Data analysis with NetMx
During my specialization in data analytics and artificial intelligence tools, I had the opportunity to work on a very significant project with a company called Net MX. This company is dedicated to providing safe online data management solutions, and its star product is Qpass. Qpass is an intelligent access control management system that is used in various industries and handles large volumes of data.

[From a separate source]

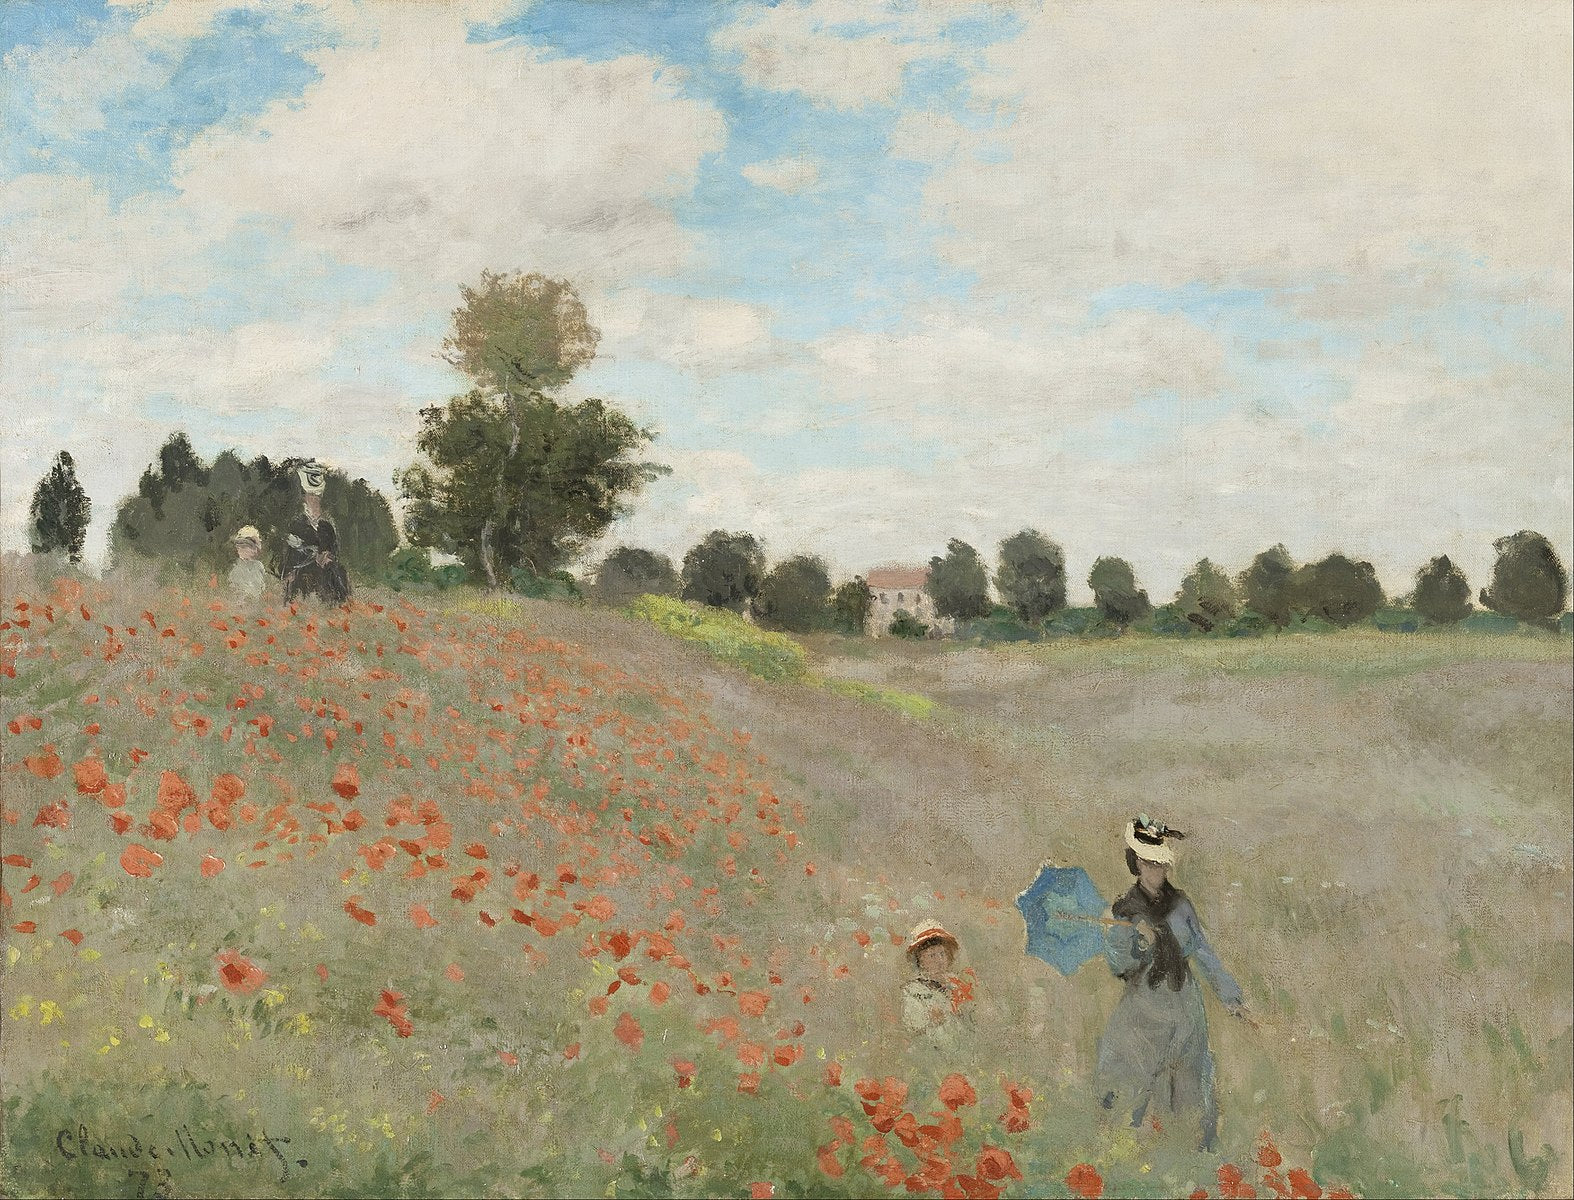 Les Coquelicots - Claude Monet

To begin the project, NetMx explained to us that they needed to use the collected data to make decisions and optimize their processes. As a first step, they provided us with some databases to work with. In the process, we performed an ETL that included data analysis and cleaning, a descriptive analysis with corresponding visualizations, a predictive analysis, and the implementation of the results obtained in a deployment. This approach allowed us to address the project systematically and efficiently to meet NetMx's objectives.
Data analysis and cleaning

In this stage of the project, we used a software tool called Alteryx to carry out the analysis of the databases they provided us with. Originally, we had around 30 database files, but we had to discriminate those that had enough information to work with, discarding those that contained little data. After this process, there were approximately 10 databases left. One of the biggest challenges I encountered during this process was the lack of a unifying element that related all the databases, which is of utmost importance when working with several databases. Therefore, I devoted myself to finding this element using Alteryx since it would be extremely valuable for this task.
exploratory analysis

During our exploratory analysis, we employed the SAS software tool to examine the initial behavior of the data. In the first series of graphs, we noticed a significant lack of information in the customer ID's. However, in the second series of graphs, we observed a normal distribution in the dates, although we noticed a lack of data from a certain point onwards. As we were informed, the pandemic interrupted the taking of readings, and the available information comes from residences in Spain, which may explain the coincidence in the dates.
Additionally, we conducted an analysis of the amount of information available for each category, and from the graphs obtained, we determined that there is missing data, and the most common types of visits are providers and spontaneous visits.
Predictive analysis

A predictive analysis was carried out using time series to analyze the behavior of visitors. It was decided to use the information of spontaneous visitors, given that we cannot control this type of visits, so it is crucial to anticipate them. For this task, I decided to use the Python software tool, as it is very convenient and practical for me to create ARIMA models on this platform.
Deployment
Finally, we carried out a predictive analysis using machine learning techniques to predict the likelihood of a customer becoming a loyal customer. We used the Python programming language and the Scikit-Learn library for this task. The results showed that there is a strong correlation between the length of time a customer has been using the service and their loyalty. We were able to develop a model that predicted customer loyalty with an accuracy of 87%.